Damals war die türkische IHH insbesondere von Israel beschuldigt worden, vielerorts den Terrorismus zu unterstützen und in Gaza insbesondere der Hamas finanziell zu helfen. Die Begründung für das Verbot der deutschen IHH stützt sich auf diese Deutung der Vereinstätigkeit. Die IHH habe die Hilfsbereitschaft gläubiger Spender missbraucht, um im Ergebnis eine terroristische Organisation zu unterstützen. Weil die Ermittlungen gegen die IHH längst vor den Ereignissen um die „Mavi Marmara“ begonnen hatten, konnte das Innenministerium nun zumindest den Mitgliedern der Deutschen Islamkonferenz mitteilen, dass schon vor Monaten der Zusammenhang zwischen „Milli Görüs“ und der IHH aufgedeckt worden sei. Das sei einer der ausschlaggebenden Gründe dafür gewesen, den Islamrat von der Islamkonferenz auszuschließen, dem „Milli Görüs“ angehört. Hinzu kamen andere strafrechtlichen Ermittlungen gegen führende „Milli Görüs“-Funktionäre, unter anderem wegen des Verdachts der Steuerhinterziehung, der Bildung einer kriminellen Vereinigung in Tateinheit mit Betrug, Urkundenfälschung, Bankrott und Untreue.
Gegen den Gedanken der Völkerverständigung
Milli Görüs“ gehören etwa 29.000 Mitglieder an. In Deutschland betreibt die Organisation etwa 300 Moscheen, die jede Woche von mehreren Zehntausend Gläubigen besucht werden. Die Organisation wird als antidemokratische Vereinigung vom Verfassungsschutz beobachtet. Weil 2006 Tendenzen zu einer politischen Neuorientierung festgestellt wurden, jedoch auch wegen der ihrer zahlenmäßigen Bedeutung, hatte der frühere Innenminister Schäuble eine indirekte Teilnahme von „Milli Görüs“ an der Deutschen Islamkonferenz geduldet, sein Nachfolger de Maizière dann aber eine rote Linie zu dem Verband gezogen, offiziell wegen der strafrechtlichen Ermittlungen, inoffiziell aber außerdem wegen der Verbindungen zwischen „Milli Görüs“-Funktionären, der IHH und der Hamas. Daraufhin hatten andere islamische Verbände in Deutschland wochenlang überlegt, ob sie überhaupt noch an einer Fortsetzung der Islamkonferenz mitwirken wollen. Einige hatten sich schließlich dagegen entschieden.

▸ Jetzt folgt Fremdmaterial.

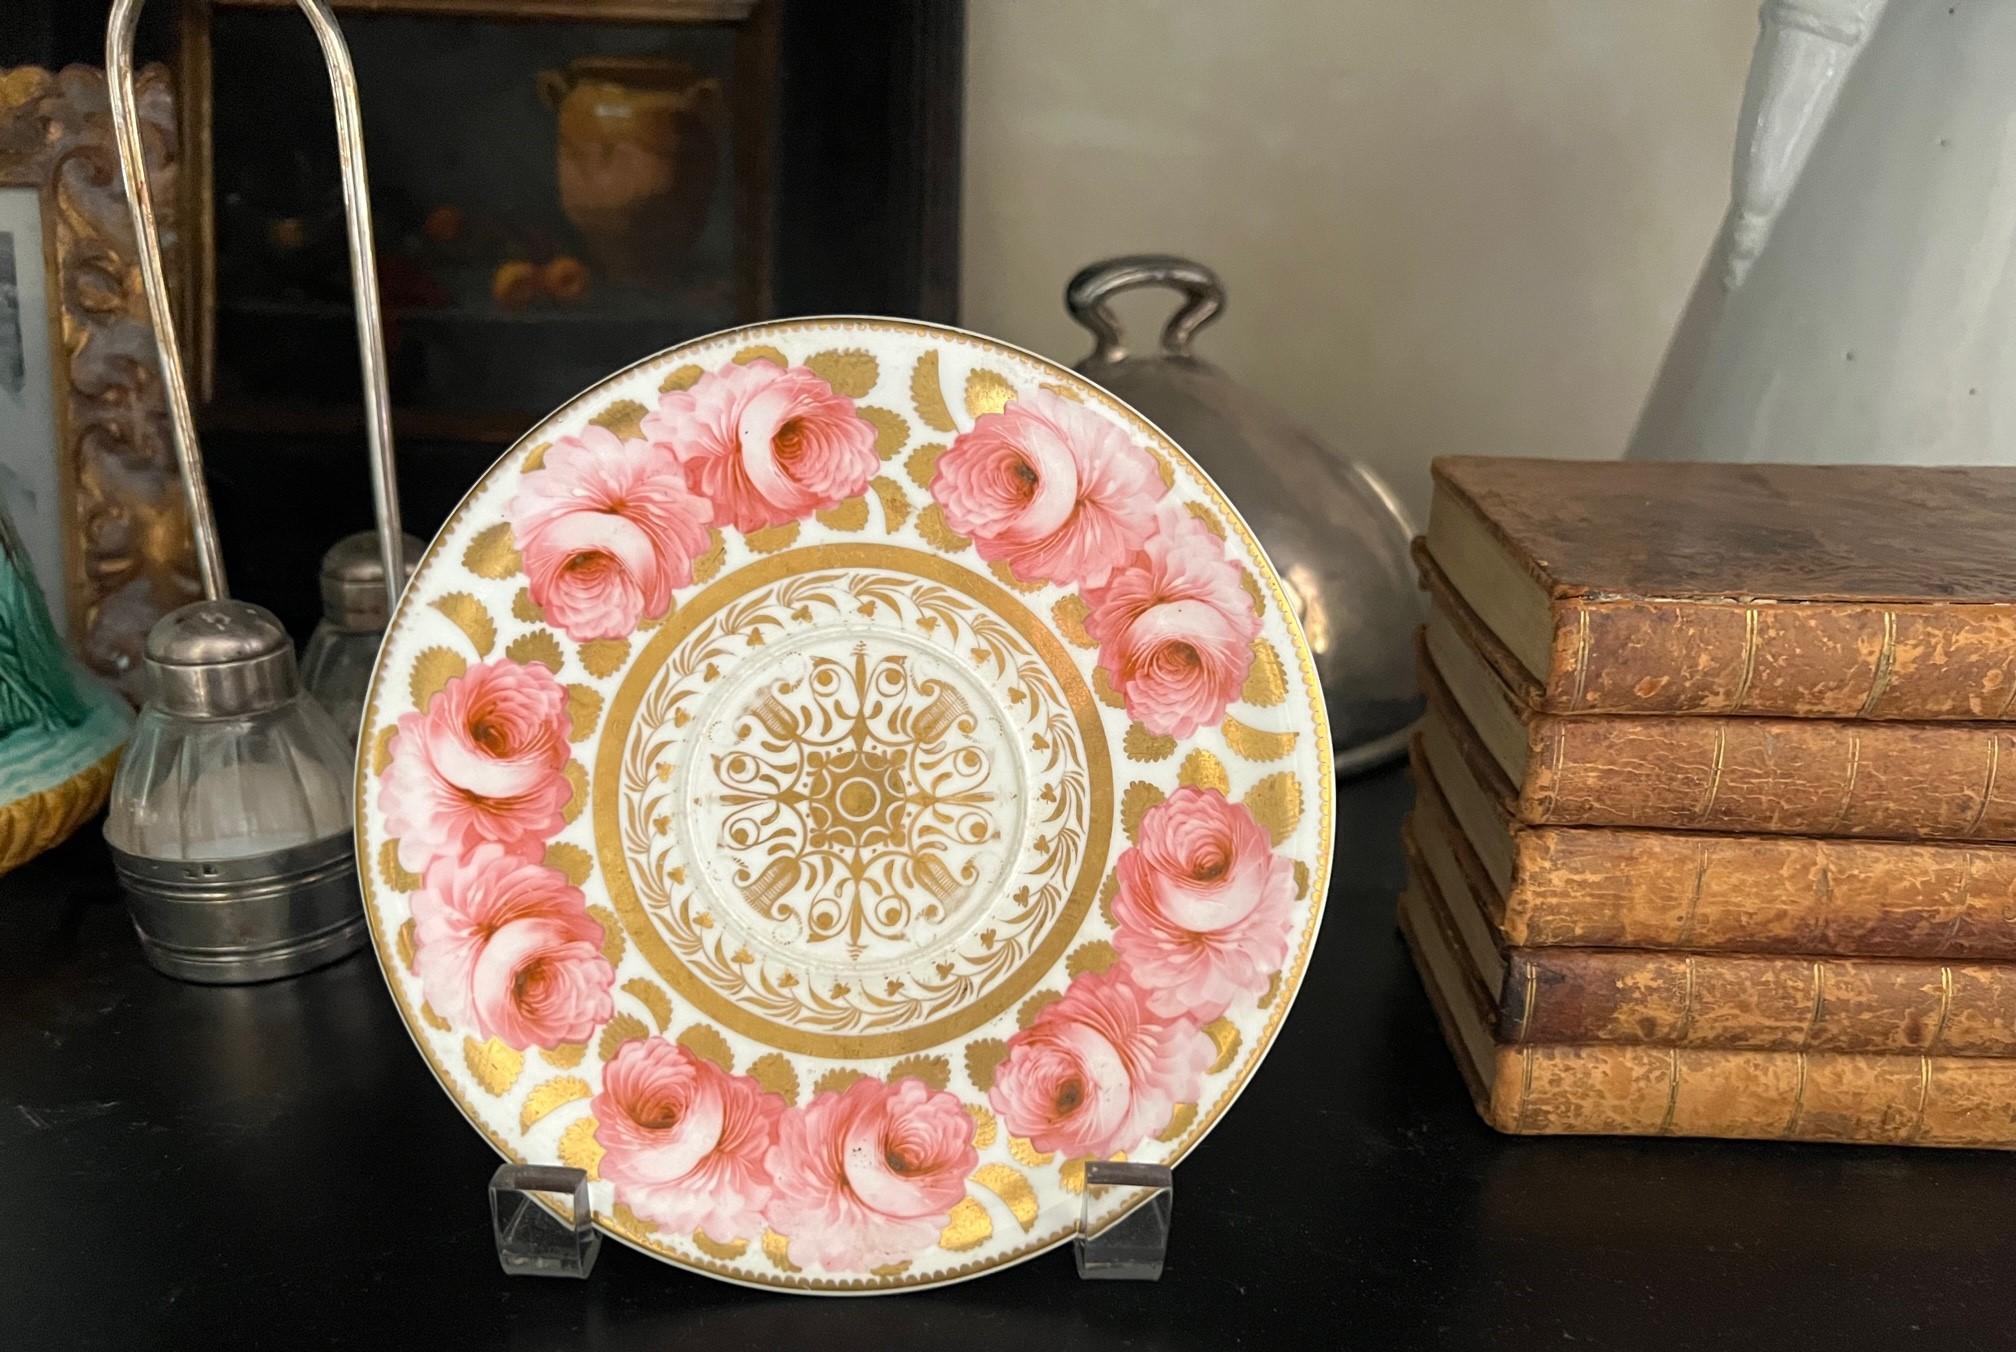 Fein bemalter Teller / Untertasse mit rosa Rosen und vergoldeten Blättern aus der Regency-Zeit, hergestellt in England um 1820.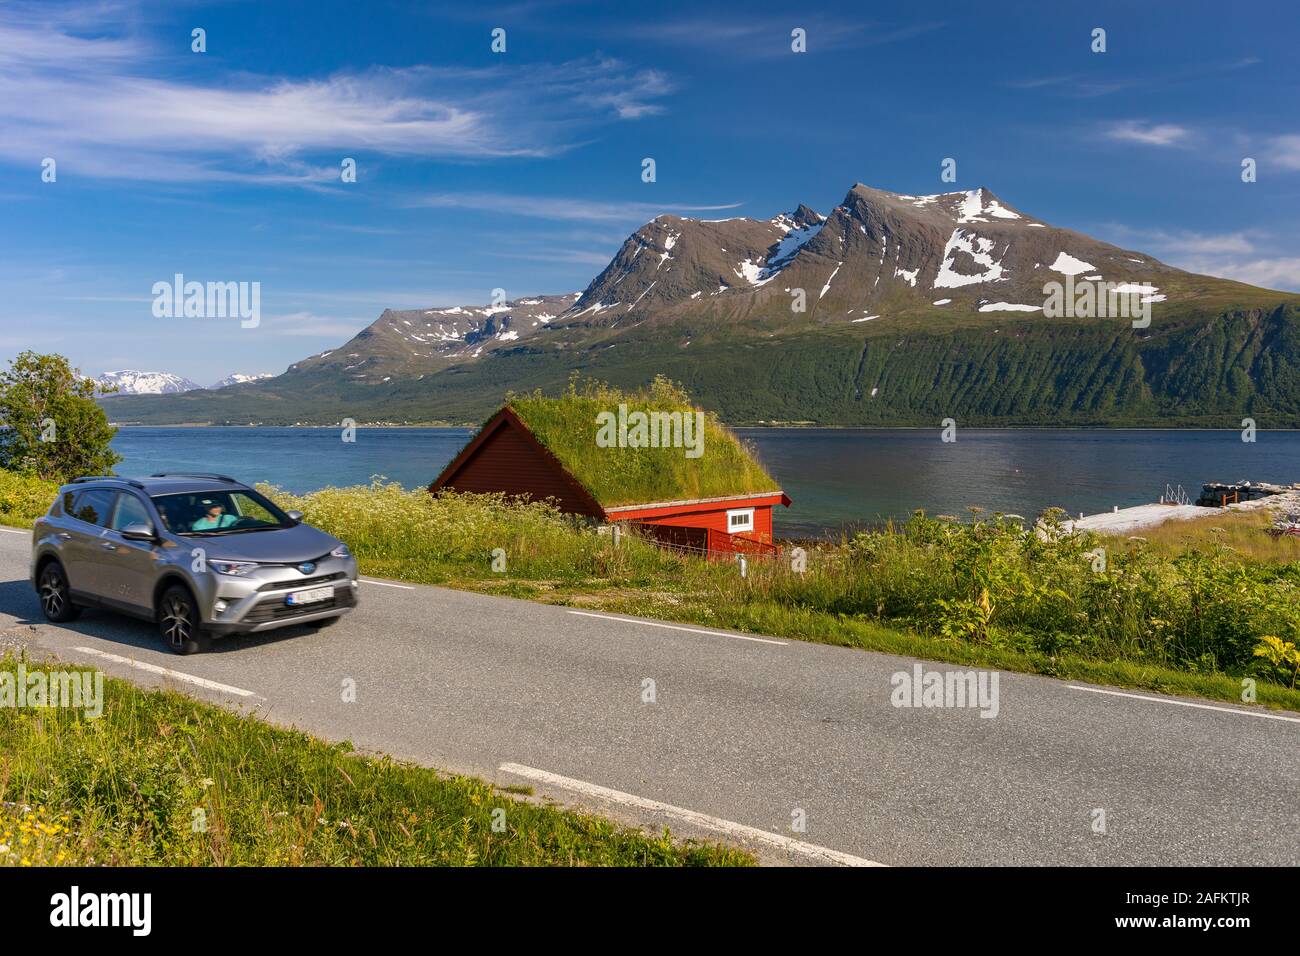 L'ÎLE DE KVALØYA, BAKKEJORD, NORVÈGE - automobile passe toit gazon immeuble sur l'île de Kvaløya en premier plan, et vue de l'Straumsfjorden fjord et montagnes. Banque D'Images

Um Mitgliedern der Islamkonferenz die Vorwurfslage zu verdeutlichen, hat das Innenministerium ihnen vergangene Woche die Verbotsverfügung übermittelt und erläutert. Demnach richte sich die IHH gegen den Gedanken der Völkerverständigung und fördere Gewalt, indem sie so genannte Sozialvereine der Terrororganisation Hamas unterstütze. Die Hamas befürworte und fördere Gewalt auch in Form von Terroranschlägen und negiere das Existenzrecht Israels.
Innenminister de Maizière hatte die IHH Mitte Juli verboten, weil die Organisation etwa 6,6 Millionen Euro an die Hamas transferiert hatte. Die IHH habe über Jahre den Hamas-nahen Vereinen „Islamic Charitable Society Hebron“ und der „Islamic Society“, der größten Hamas-Sozialorganisation, beträchtliche Summen zukommen lassen. So seien an die „Islamic Society“ zwischen 2007 und 2009 insgesamt 1,7 Millionen Euro überwiesen worden, an die „Islamic Charitable Society“ seit 2006 280.000 Euro.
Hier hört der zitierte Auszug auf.